Look at $\ 2^n-1,\ $ it's like this

$$ 1 1 1 1 1 1 1 1 1 1 1 1 1 1 1 $$

in base $\ 2.\ $This was an illustration for $\ 2^{15}-1.\ $ Now, when $\ n=k\cdot m\ $ is composed, where both natural numbers $\ k\ m>1\ $ are greater than $\ 1,\ $ then you get two ways to decompose $n\ $ (when $\ k=m\ $ then these two ways are one and the same). For instance, for $\ n=15=3\cdot 5\ $ we get that $\ 2^{15}-1\ $ is like this:

$$ 1 1 1 1 1\,\ 1 1 1 1 1\,\ 1 1 1 1 1 $$

or like this:

$$ 1 1 1\,\ 1 1 1\,\ 1 1 1\,\ 1 1 1\,\ 1 1 1 $$

i.e.

$$ 2^{15}-1\ =\\ \ \\ (2^5-1)\cdot(1+2^5+2^{10})\quad = \quad(2^3-1)\cdot(1+2^3+2^6+2^9+2^{12}) $$

In general,

$$ 2^n\,\ =\,\ (2^k-1)\cdot\sum_{t=0}^{m-1} 2^{k\cdot t} \,\ =\,\ (2^m-1)\cdot\sum_{t=0}^{k-1} 2^{m\cdot t} $$

Thus we get not just one but even two decompositions on $\ n\ $ unless $\ k=m\ $ (then we get just one decomposition so far, but even one is good enough). Of course, when there are more different decompositions of $\ n\ $ then we get more different decompositions of $\ 2^n-1.\ $

Answer 3

Given $2^p-1$ is prime. Assume $p$ is not prime. Then $∃a,b∈\mathbb{Z}∋a,b>1$ and $p=ab$. $$2^p-1=2^{ab}-1=(2^a )^b-1=(2^a-1)\frac{(2^a )^b-1}{(2^a-1)}$$ Since $\frac{(2^a )^b-1}{(2^a-1)}$ is the solution to a geometric series, $$(2^a-1)\frac{(2^a )^b-1}{(2^a-1)}=(2^a-1) \sum_{k=0}^{b-1}(2^a )^k =2^p-1.$$ Thus, $2^a-1$ is a divisor of $2^p-1$ implies $2^p-1$ is not prime, which is a contradiction. Therefore, $p$ is prime if $2^p-1$ is prime.

Answer 4

Note that $2^n-1$ is the number of sequences that can result from flipping a two-sided coin ($H$ and $T$ for “heads” and “tails”) $n$ times in a row, where the result is not $n$ consecutive heads, that is, where there is at least one $T$ (for tails) in the sequence.

Now suppose $n$ factors into positive integers as $n=ab$.

Every length-$n$ sequence of flips can be represented uniquely as an $a\times b$ array ($a$ rows of $b$ columns) of flips. We will calculate the cardinality of the set $A$ of these arrays that contain at least one $T$ (which cardinality we know is $2^n-1$) as follows.

Let $A_i$ be the subset of $A$ containing those arrays where the first $T$ appears in row $i$. In any such array, the first $i-1$ rows contain all $H$s, so there is only one distinct pattern for each of those rows. There are $2^a-1$ different patterns possible for the $a$ flips in the $i$-th row (because that row contains a $T$), and any pattern (there are $2^a$) is possible in each of the remaining $b-i$ rows.

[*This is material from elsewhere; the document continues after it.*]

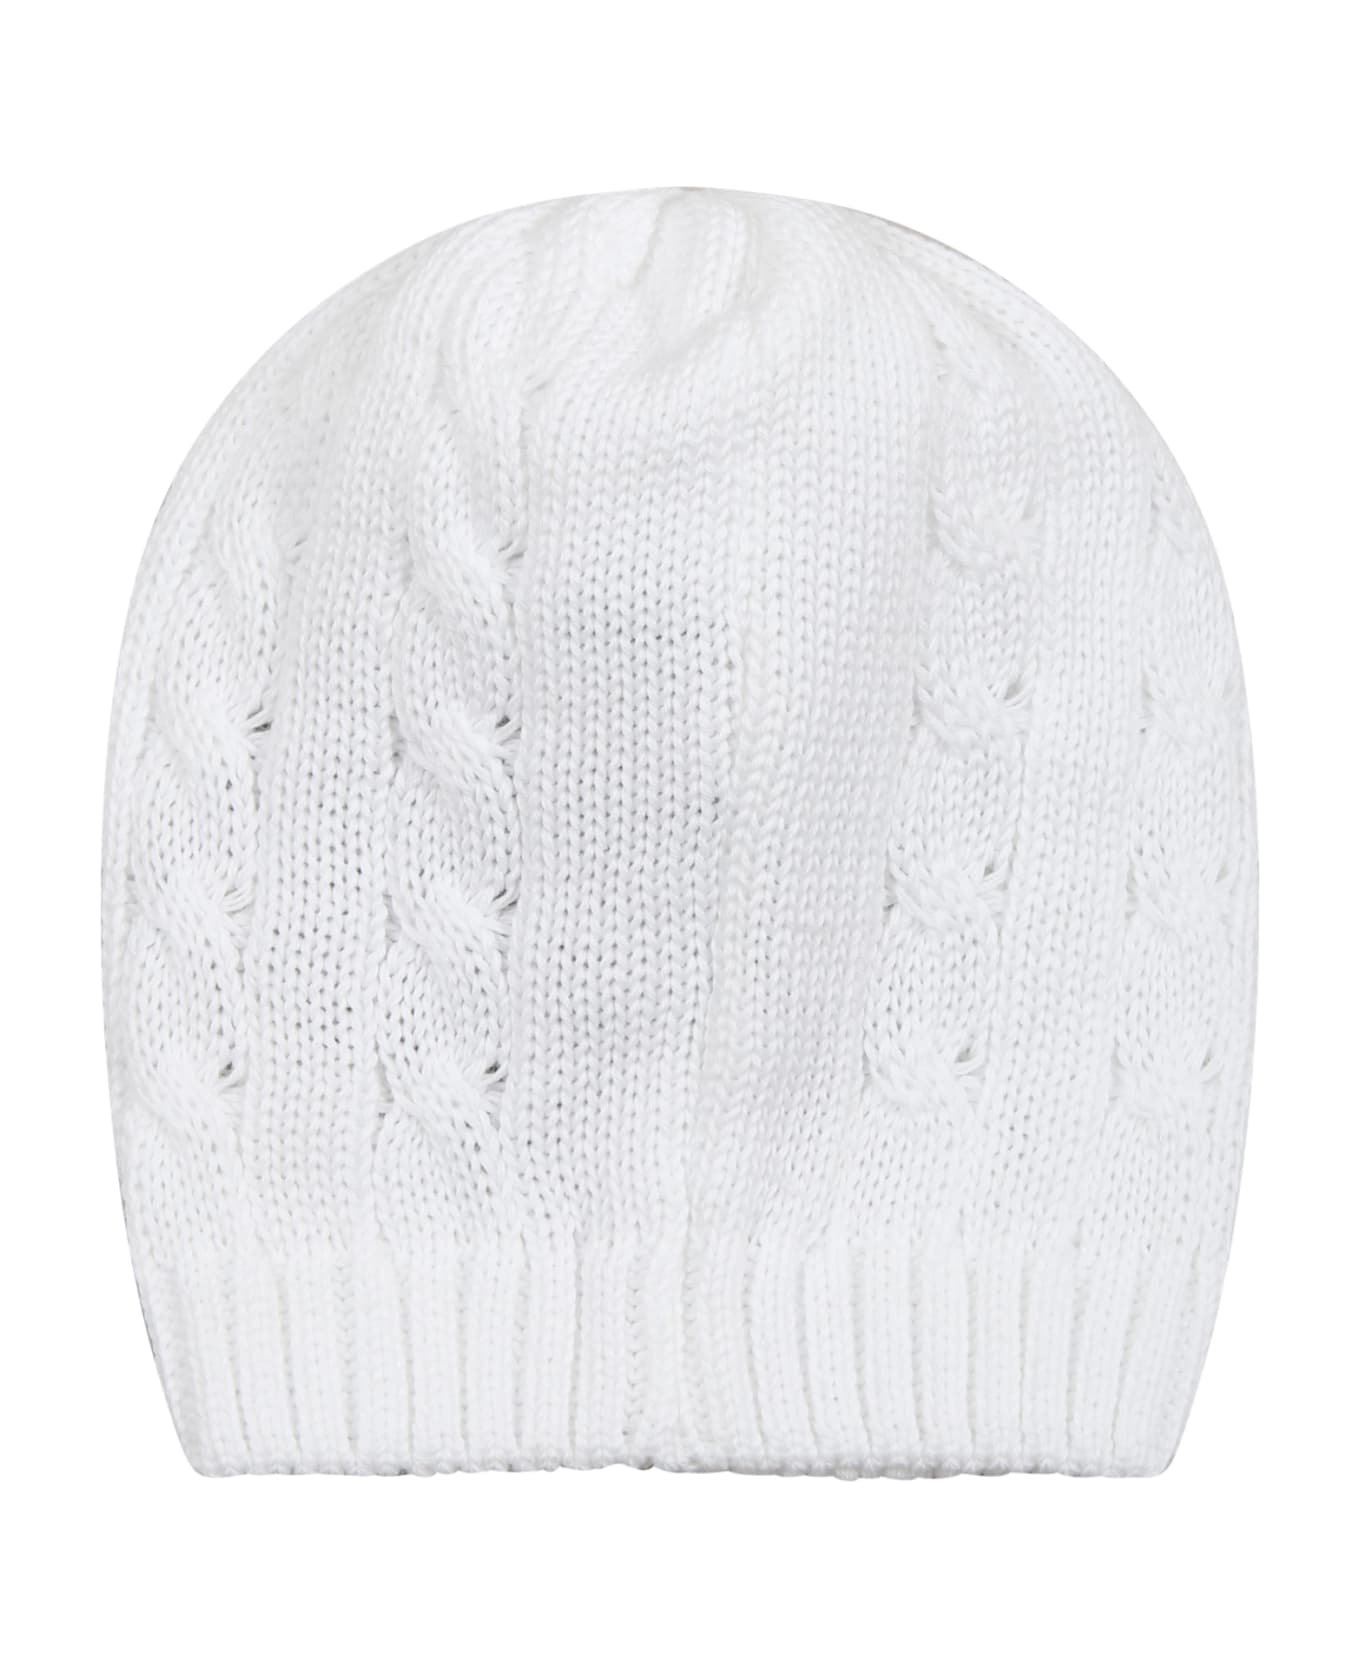 Little Bear White Hat For Babies - White

The number of arrays in $A_i$ is therefore $1^{i-1}\cdot(2^a-1)^1\cdot(2^a)^{b-i}$.

The sets $A_i$ are disjoint and have union $A$, so the sum of the $|A_i|$ equals $|A|=2^n-1$. For each $i$, the cardinality of $A_i$ is divisible by $2^a-1$, so $2^a-1$ divides $\sum A_i$, which is $2^n-1$. If $2^n-1$ is prime, then $2^a-1$ must be either $1$ or $2^n-1$; that is, $a$ is either $1$ or $n$. This shows that if $2^n-1$ is prime, then the only factorization of $n$ into positive integers $n=ab$ is $n=1\cdot n$ or $n=n\cdot 1$, and therefore $n$ is prime.